During the last 30 years, the balance of power in the enterprise has shifted. When I first began working as a programmer (mind you, this was when Led Zeppelin was still touring), the power belonged to the high priests of the mainframe. Users had terminals, and their applications were centrally controlled and maintained. We know what's happened since then: Individual users now have, in aggregate, a lot more computing power than the mainframe clergy ever dreamed of, and they aren't afraid to use it.

By its very nature, however, messaging still involves centralized servers, and the performance and integrity of those servers is obviously important to the administrators and users who depend on them.
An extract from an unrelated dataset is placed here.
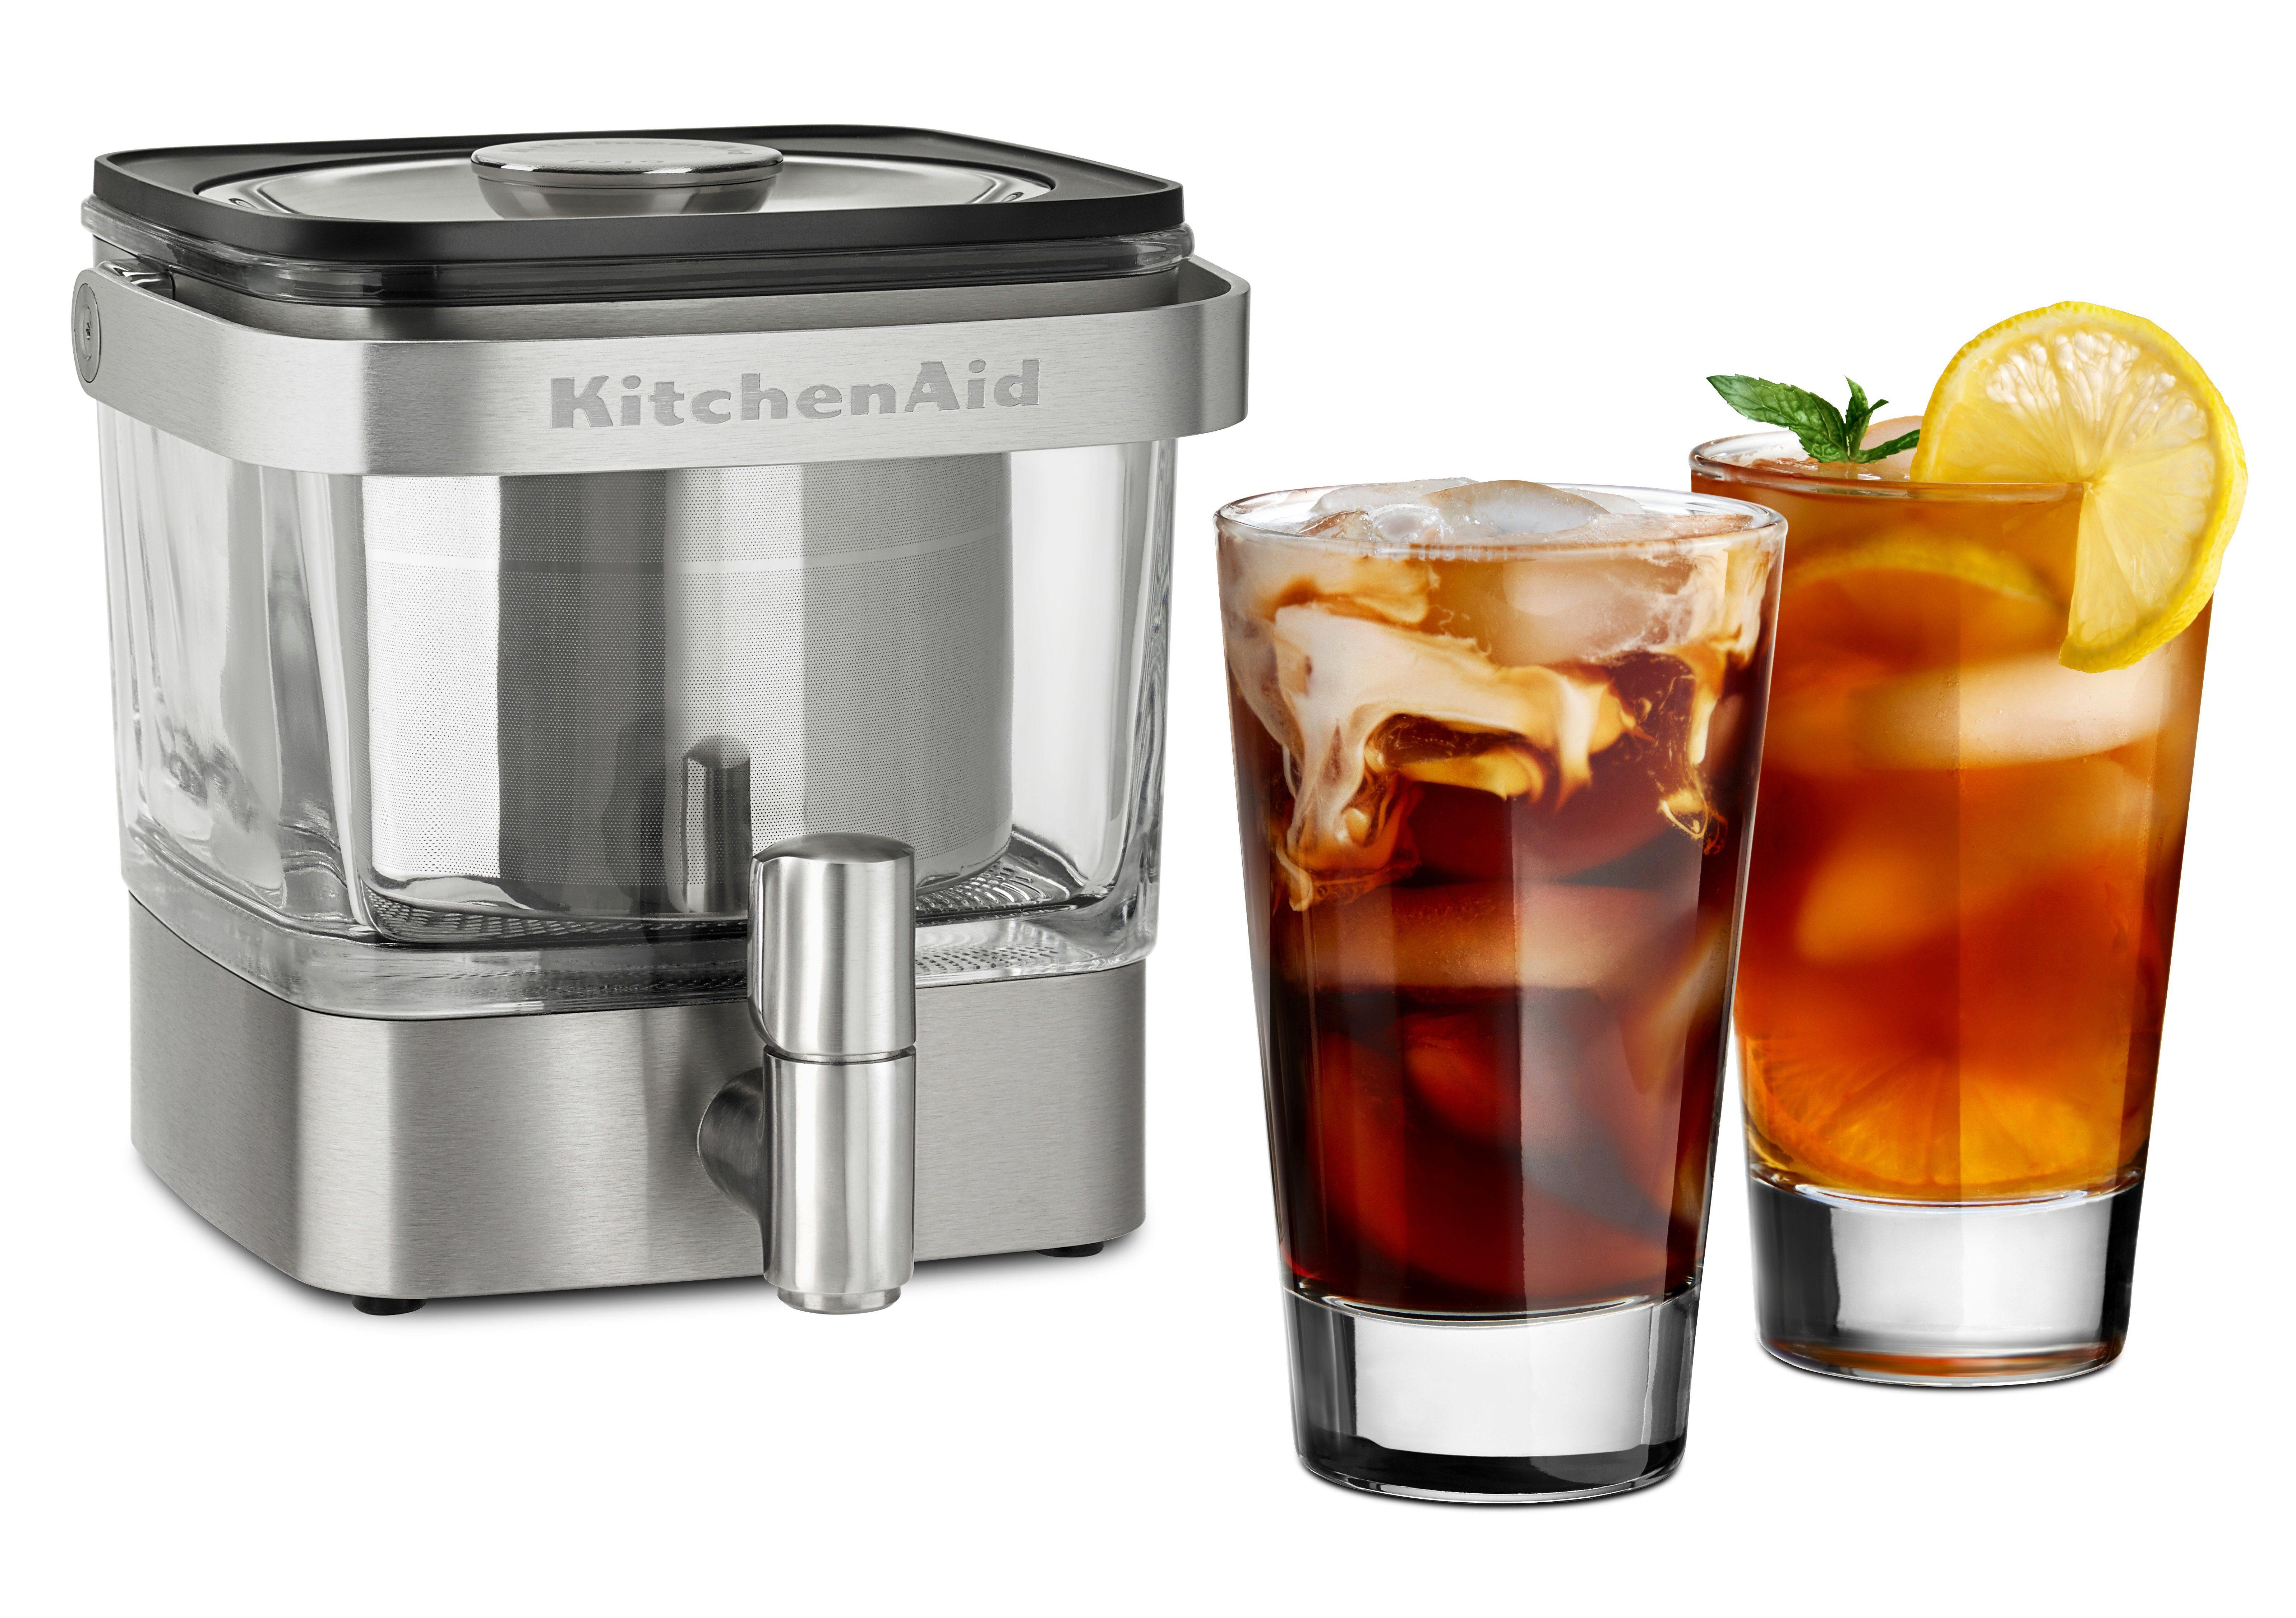 KitchenAid Kaffeebereiter KitchenAid Cold-Brew-Kaffeebereiter 5KCM4212SX

This theme sounds like a return to the old days, and in some ways it is. But today's users are much more sophisticated and savvy, and they have much higher expectations. This situation leads to conversations such as this:
User: Outlook is slow.
Admin: How slow is it?
User: Well, you know, it's slow. It used to be faster.
Admin: When did it start slowing down?
User: I don't know, but it definitely used to be faster.
Admin:

Monitoring the overall performance of your Exchange server is relatively easy. In fact, by watching half a dozen counters in the Performance Monitor (such as the disk queue length, the number of remote procedure call--RPC--operations per unit time, and the amount of page faults per second) or by using the synthetic alerting features in Microsoft Operations Manager (MOM) and other management tools, you can get a good view of how your servers are performing. The data you gather with these tools tells you only how the server's doing overall, however; it tells you nothing about particular users, and that's often what you most want to know. In the aggregate, however, this data is useful. By careful tweaking, you can simulate realistic user loads with a tool such as LoadSim or the Exchange Server Stress and Performance (ESP) tool, which often gives you insight into performance bottlenecks on your server.

You can certainly find ways to get some level of performance data for individual users; for example, you can use a network monitor or similar tools to watch the network traffic between the client and the server. Doing so isn't always feasible, however, especially if the user who reported a slowdown is outside your corporate network. You can also monitor the client directly to see whether other operations are slow, too--what's reported as an Outlook slowdown might well be caused by another application or by other problems that have nothing to do with messaging. (My favorite example of this is when a well-known application for managing MP3 players has a bug that forces all other application threads spawned after its launch to a lower priority, slowing down every other application on the machine.)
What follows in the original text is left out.